After what appeared to be a forced confession on TV there was only silence. Then on Sunday Malek Ajdar Sharifi, justice chief for East Azerbaijan province, announced, or seemed to, that her sentence was to be commuted to death by hanging. Clerics were being consulted on the issue because the prison did not have the facilities for stoning. Now, however, Sharifi says his comments were misinterpreted. “This case is following its normal course in line with the law,” he said.
Worryingly, it is likely that the judge’s remarks, whatever he said, were a way of testing the sensitivity of the case ahead of a more imminent execution. In the past, stoning sentences, under international pressure, have been changed to hanging – Abdollah Farivar, a music teacher who was sentenced to death by stoning for adultery was instead hanged in 2009.

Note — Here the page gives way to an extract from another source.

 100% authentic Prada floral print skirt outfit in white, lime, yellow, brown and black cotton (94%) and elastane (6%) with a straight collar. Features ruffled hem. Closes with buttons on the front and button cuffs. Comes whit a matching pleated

Ashtiani was sentenced to death by stoning for conducting an “illicit relationship outside marriage” in 2006 after suffering years of abuse at the hands of her opium-addict husband, Ebrahim Ghaderzade, who also allegedly sold her for sex. She was also sentenced to death, reduced to 10 years, for assisting in his murder.
Although the EU and other international bodies have appealed for mercy, it is crucial such appeals, including from Ireland, be renewed immediately.

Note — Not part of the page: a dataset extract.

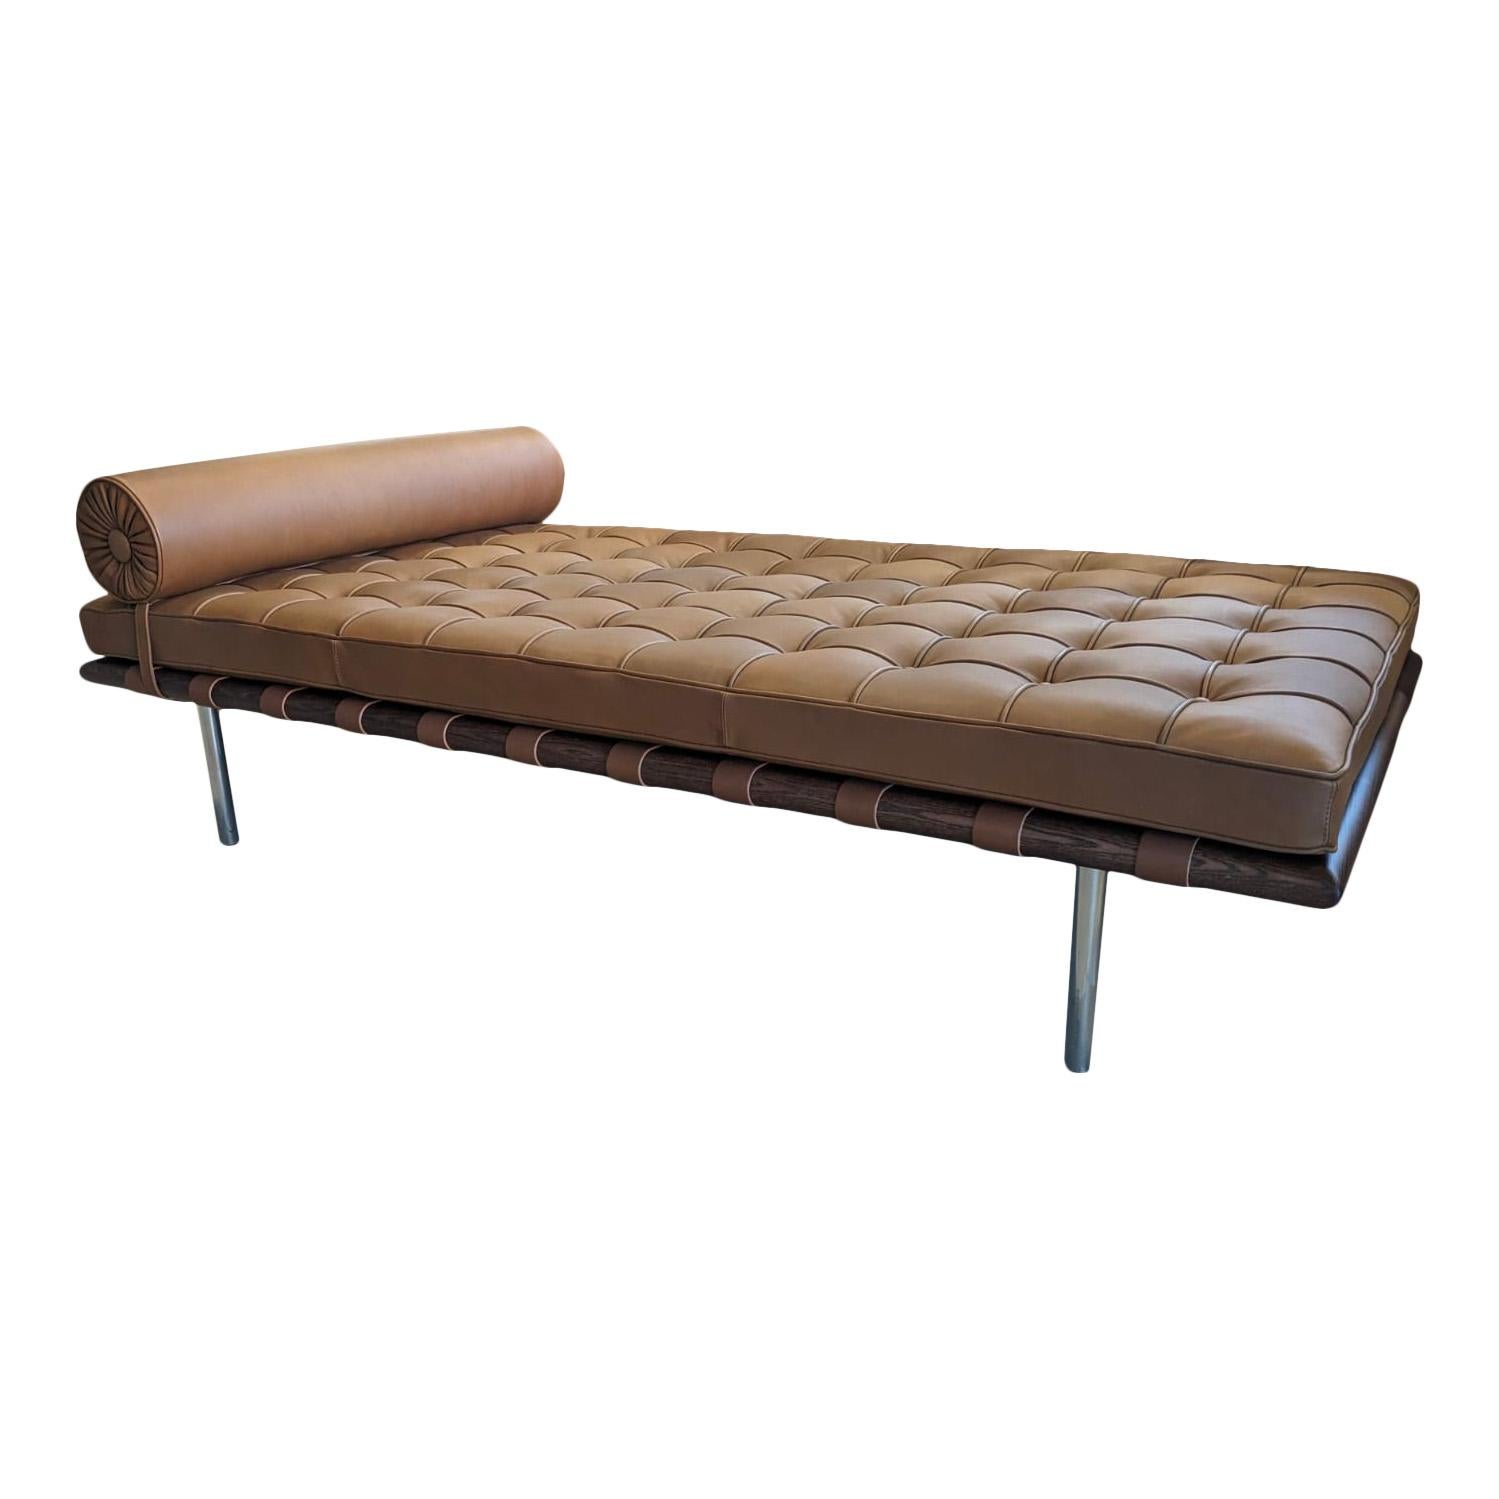 Italian Ludwig Mies Van Der Rohe Bauhaus Coffee Leather Barcelona Daybed for Knoll, 1970 For Sale

At least 600 people were executed in Iran in 2011 up to the end of November, while seven have been stoned to death since 2006. Some 14 are currently facing death by stoning, a legal but rare punishment in a handful of Muslim countries – as well as Iran, they include Saudi Arabia, Somalia, Sudan, Pakistan and Nigeria.
Meanwhile, in Pakistan, Christian woman Asia Bibi has just survived her third Christmas in the women’s prison of Sheikhupura, in the Punjab, awaiting execution for allegedly blaspheming the prophet Muhammad. She told visitors, who described her as very frail, that a guard has been suspended for trying to strangle her. “I am given raw material to cook for myself,” she told Life for All, a Christian organisation, “since the administration fears I might be poisoned, as other Christians accused of blasphemy were poisoned or killed in jail.”